At least that meant he wasn't just a wimp when looking at the photos made him want to lean over the nearest wastebasket and retch out every meal he'd ever had.  He felt kind of good about that.   

“Alan?” he used the familiar first name tentatively.  The lawyer nodded approval, waiting for Gil to go on.  “I have an administrative shift tonight.  I can look this over and meet you for lunch...” he looked at his watch.  “Breakfast,” he corrected, “at about seven?  There's a diner not far from here where the crew goes to blow off steam after shift.  It has a red and white checked awning.  That's not it.  Go to the one across the street – the front door is recessed between a couple boutiques.  I don't think we'll want interruptions when we discuss this.  If I need to ask our coroner or my team anything, I can do it during shift.” 

“Thank you so much.  Really.  Especially after Denny...” 

Gil smiled.  “Go get some sleep.  You look like you need it, and I have a shift to run.”   
 

Now, back in his hotel room at the Tangiers, with Denny safely tucked away at some roulette table or staring at some showgirl, Alan found himself finally able to relax with a glass of scotch.  He kicked off his shoes and laid back on one of the queen size beds, glass in hand, and let his mind drift. 

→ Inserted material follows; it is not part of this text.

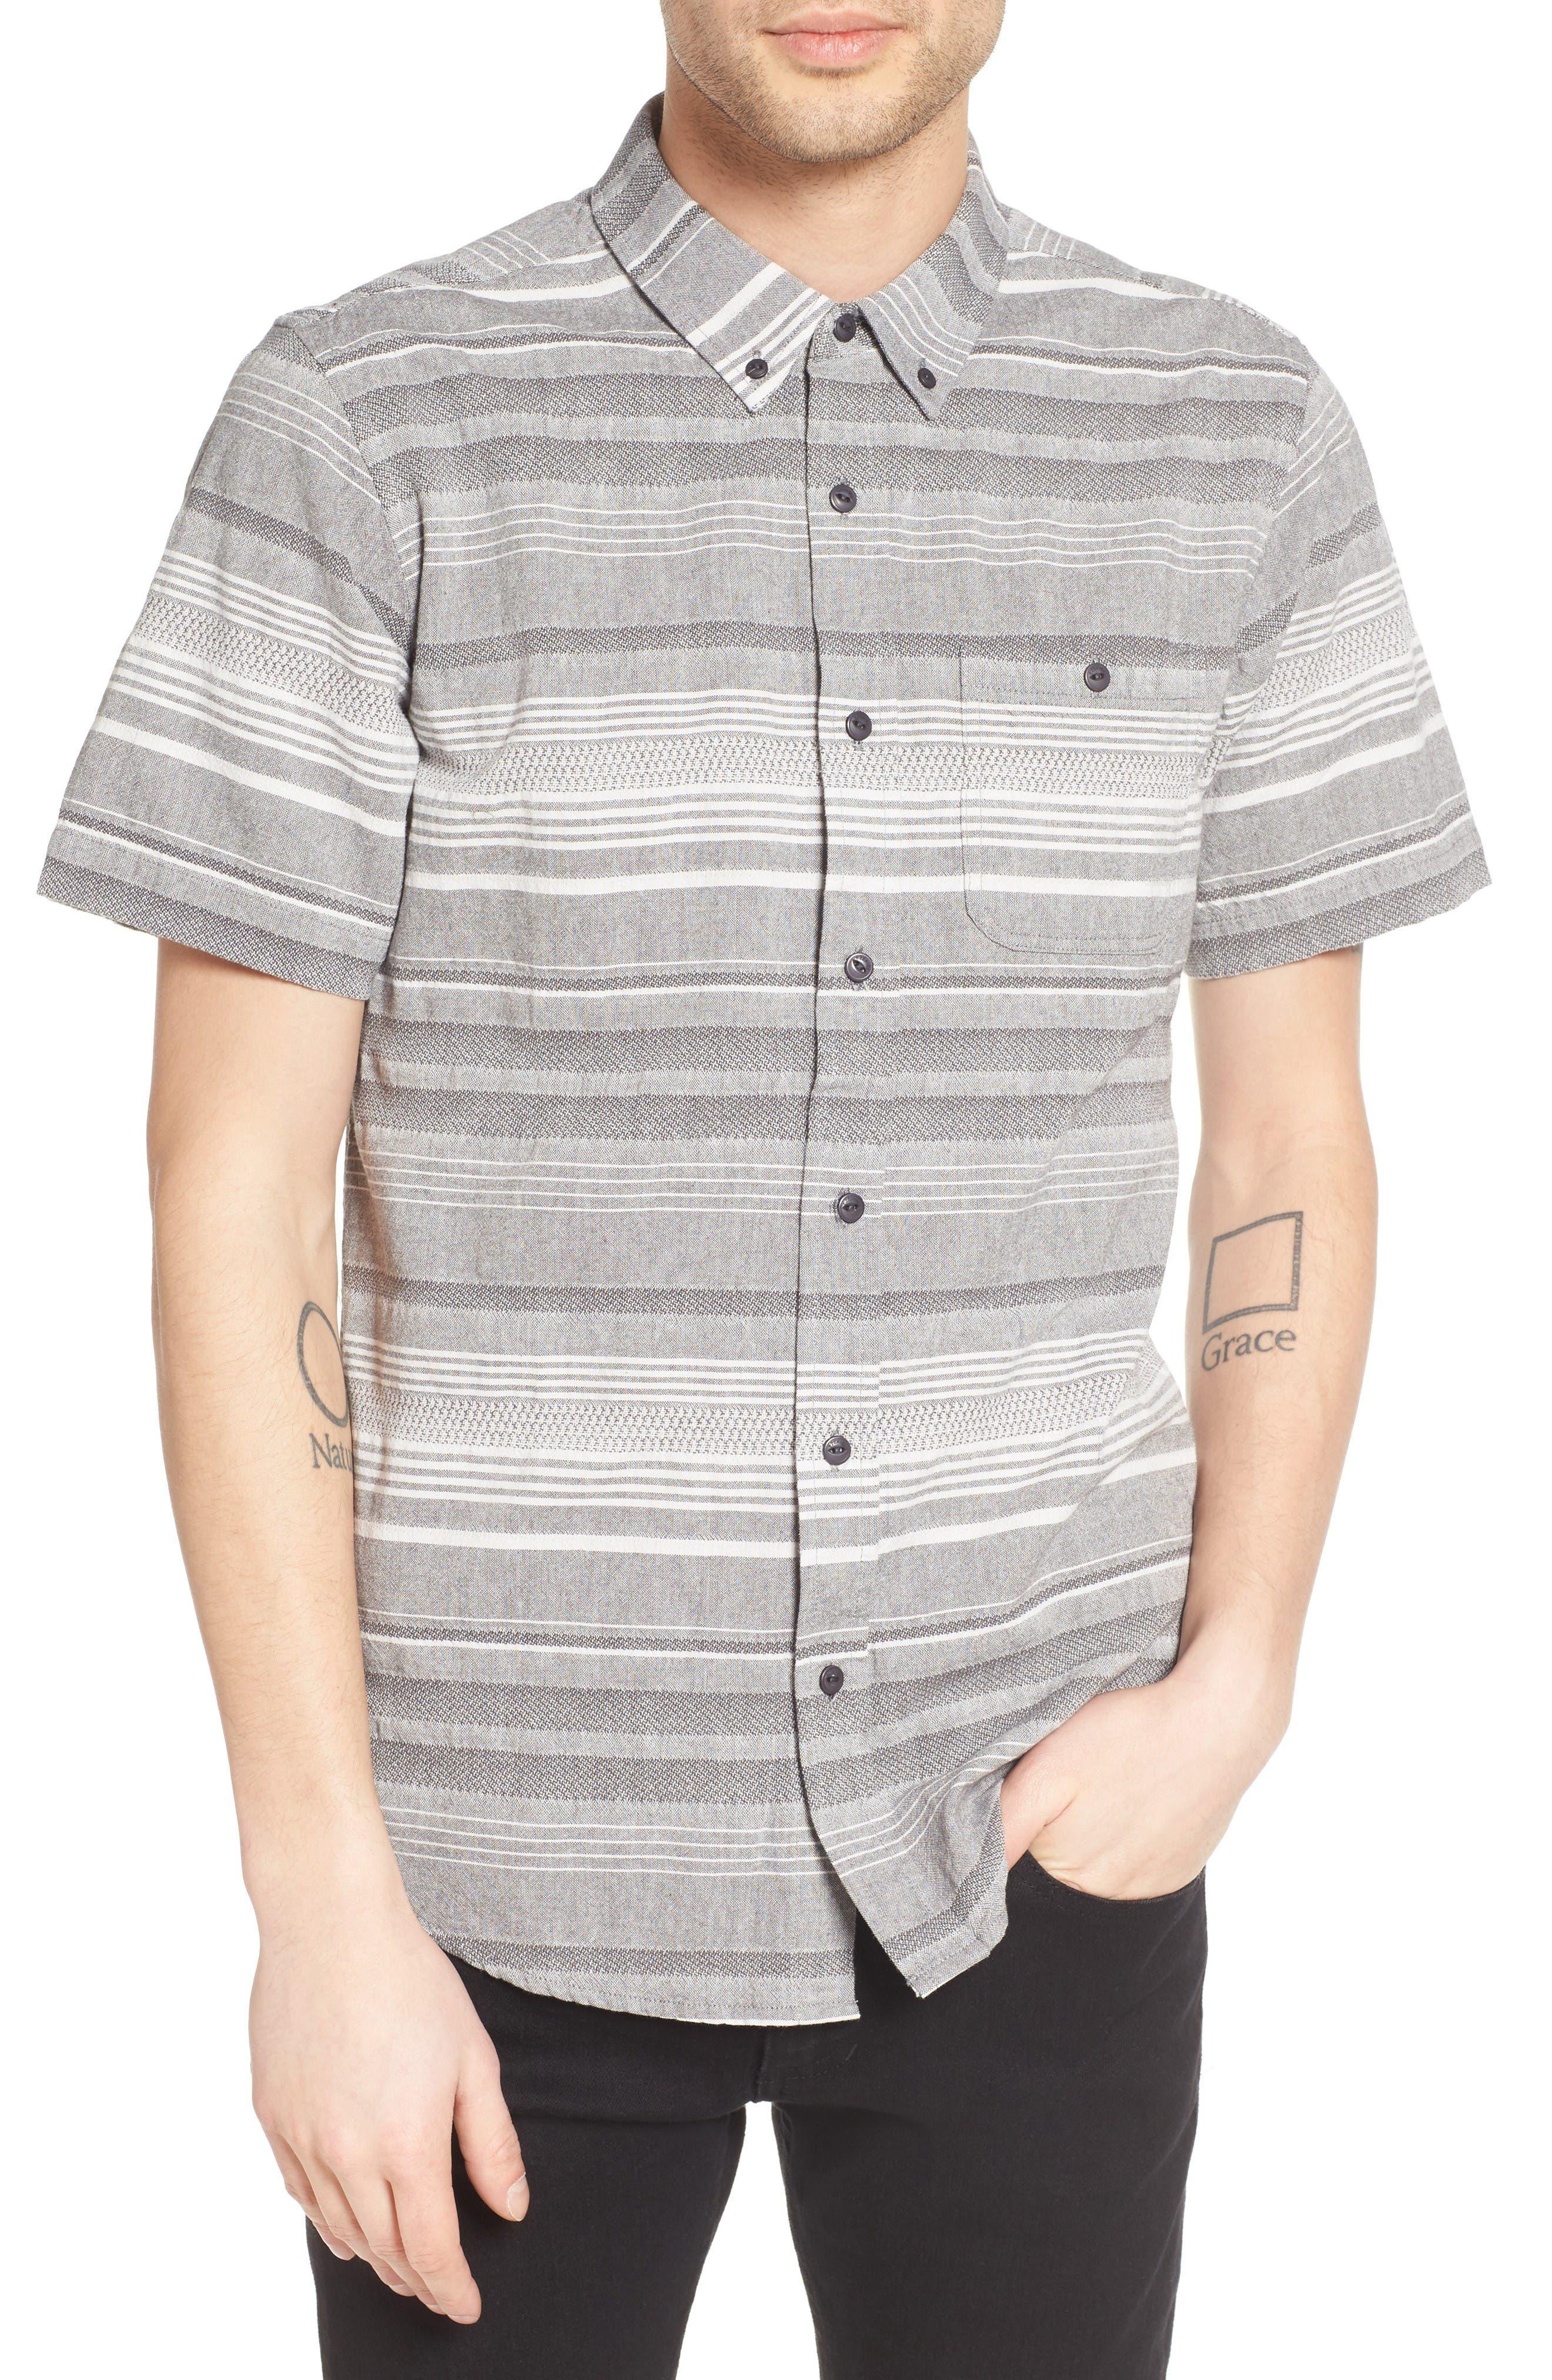 Alternate Image 1 Selected - Ezekiel Striped Woven Shirt

That was his first mistake.  Without the constant distraction of Denny close at hand, he found himself examining his interaction with Gil that day.  Examination was what he did, he couldn't help himself, even though it often came to no good end when the introspection centered on his own proclivities. 

Proclivities.  There was an interesting territory, not wholly uncharted, either.  What was it about Gil?  He liked women, he liked them a great deal.  There was nothing more intoxicating than a powerful woman.  Women like Shirley Schmidt never failed to make his pulse race.  Denise Chase, nee Bower, as attractive as she had been, had nothing on someone like Shirley, or Shelina.  Denise had been a little challenging, and fun to tease, but ultimately, he what he really always wanted what he couldn't have.  Shirley was out; he would never sacrifice his friendship with Denny. Shelina was passionate and intelligent, beautiful and just almost too much.  She was even more focused than he was, and that amazed him.  Many people made the mistake of thinking he was distractable.  Nothing was further from the truth – he just had the ability to focus on more than one thing at once.   

People also made the mistake of assuming he was as cool and aloof as he played.  Denny had seen past that, somehow.  He thought Shirley did, now that they'd worked together for four years.  He simply knew that he couldn't afford to let his passions get the better of him, lest they consume him.  He'd walked the edge between divine conflagration and sane detachment each time he'd argued against or witnessed an execution.  He couldn't not sit in the witness room and watch as murder was mandated by the state, with people who should be speaking out against it carrying out the act.  People like priests and doctors, who were supposed to value human life above everything else.  And people said lawyers were unprincipled.  He laughed a little at the thought, amber scotch sliding warm down his throat. 

Gloria – now there was a woman for his mettle, or so he'd thought.  When it became a question of whether or not he would father her children, she'd made her decision with cool and calculated swiftness.  They were over, and it left him wondering if she'd really wanted him or if he'd been a tool for her to fulfill some chronology of life she'd stashed in a diary somewhere. 

Alan knew his proclivities well.  He loved women.  But every once in a while, he found himself faced with a man who drew him just as much as Shirley, Shelina, or Gloria had.  A younger Paul Lewiston would have been real trouble for him; all that passion, all that calculation, all hidden under that calm exterior.  Paul's intelligence had been immensely attractive, and always regretted that he hadn't had a chance to try a case with him.  In fact, most of the time, when he went out of his way to drive Paul to distraction, he'd done so knowing the trouble he was courting, but wanting to see the man expose that side of himself that seethed with passion and purpose.  He just couldn't stop or help himself, it seemed.  He had to push people, especially those he found himself attracted to, just like a moth couldn't keep itself away from the flame.  He wondered if the moth knew how close to immolation it was when it flitted close to the candle flame. 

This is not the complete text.